Ce religieux reste très critique par rapport à la structure de pouvoir imposée par le Vatican à l’Église catholique. Nous entendons que la pauvreté par choix religieux n’a rien à voir avec la pauvreté en soi-même. C’est l’option et l’engagement qui sont en jeu. Le théologien Clodovis Boff explique que si la finalité de la théologie de la libération est l’engagement et si elle se veut « libératrice », alors la praxis devrait être la grande médiation de cette théologie en question. Mais, étant donné la difficulté à comprendre le langage théologique, nous nous contentons avec la proposition présentée par Clodovis Boff. « En réalité, sans une pratique de transformation sociale en solidarité avec les opprimés, il est impossible de faire naître une véritable théologie de la libération. » Dans ce cas, la théologie classique apparaît en lien avec la bourgeoisie pendant que la théologie de la libération cherche sa « liaison religieuse et profane » à partir de la réalité de misère pour arriver à la libération.

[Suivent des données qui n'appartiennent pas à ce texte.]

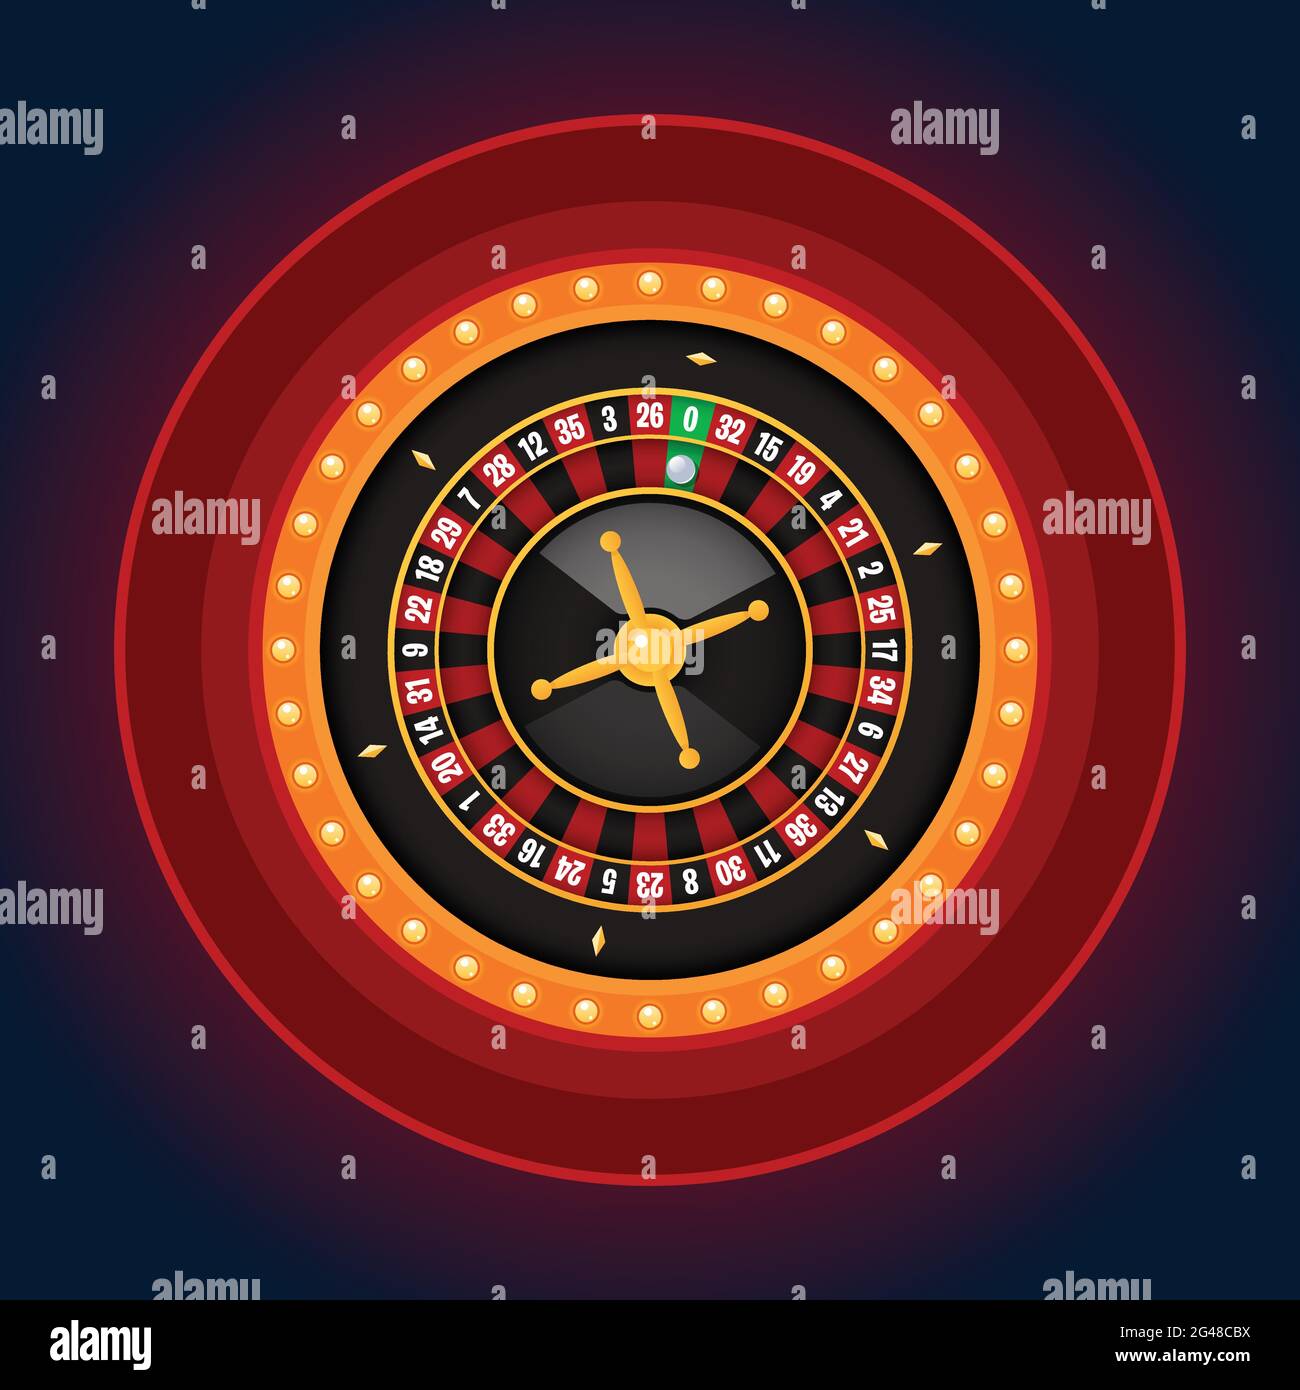 Roulette simple avec cadre de lampe de casino sur fond sombre. Casino concept, jeu, illustration vectorielle Illustration de Vecteur

La thèse soutenue par Jacques Van Nieuwenhove parle aussi d’un engagement utilisant plutôt un langage sociologique et politique pour définir la situation des opprimés. La thèse du religieux franciscain Nilo Agostini suppose que la pensée du christianisme de la libération doit aussi à l’insuffisance de la théologie classique et de la doctrine sociale pour comprendre et accompagner certaines transformations sociales. Leonardo Boff, l’un des pères de la théologie de la libération, se rend compte que sa théologie classique était distante des Indiens, des syndicalistes et du monde réel. Sa réflexion est plus au moins la même que celle des prêtres-ouvriers en France : les pauvres ne comprenaient pas les paroles de l’Église car leur monde était différent, séparé et sophistiqué.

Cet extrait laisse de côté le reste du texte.